Studio album by Sam Rivers, Ben Street, and Kresten Osgood
- Released: 2005
- Recorded: October 14 and 15, 2004
- Studio: Kampo Studios, New York
- Genre: Free jazz
- Length: 43:47
- Label: Stunt Records STUCD 05112
- Producer: Kresten Osgood

Sam Rivers chronology
| Purple Violets (2005) | Violet Violets (2005) | Aurora (2005) |

= Violet Violets =

Violet Violets is an album by saxophonist and flutist Sam Rivers, double bassist Ben Street, and drummer Kresten Osgood. It was recorded on October 14 and 15, 2004, at Kampo Studios in New York, and was released in 2005 by Stunt Records, a Danish label.

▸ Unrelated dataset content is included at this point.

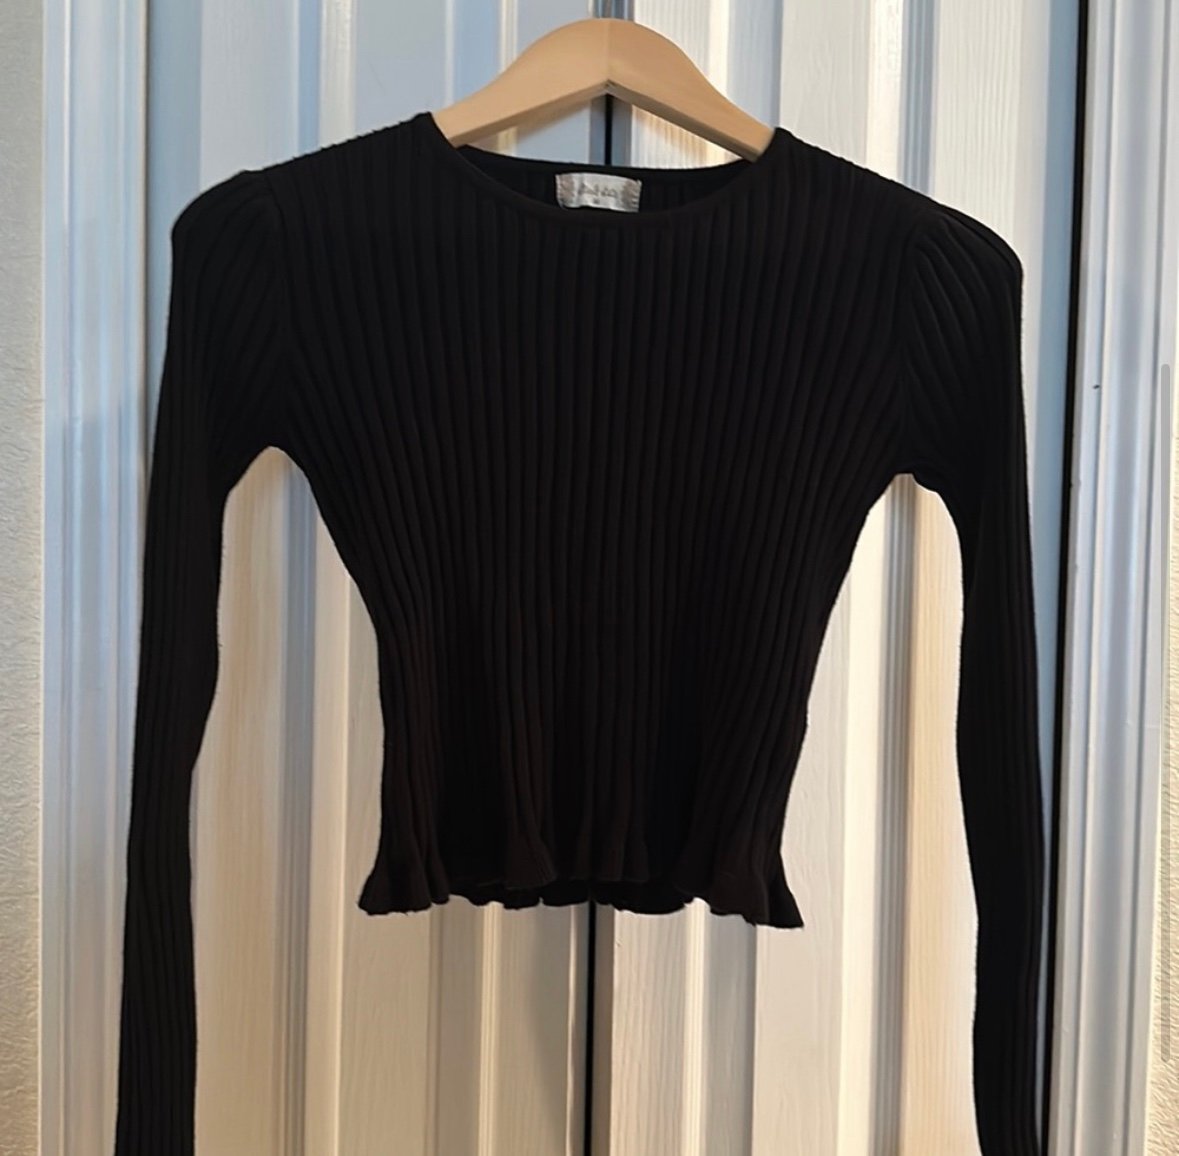 Cheap Black Cropped Sweater Altar d State k4JykU2QS New Style

The album Purple Violets (Stunt, 2005) was recorded at the same session, with the same personnel plus vibraphonist Bryan Carrott.

==Reception==

In a review for AllMusic, Ken Dryden wrote: "the trio explores its adventurous music, an aggressive form of post-bop intertwined with avant-garde twists at times. The octogenarian Rivers is still a potent force... The musicians obviously enjoyed their studio collaboration, so future projects will be of considerable interest."

Annika Westman of All About Jazz stated that Rivers' "remarkable tone is in a class of its own, just like the deep musical content of his playing. The fact that he has spent a lifetime developing it is not the only reason he sounds this great. Not everyone performs on such a high level at the age of 82, but in Sam Rivers' case, there has definitely been no decline with age... truly the opposite."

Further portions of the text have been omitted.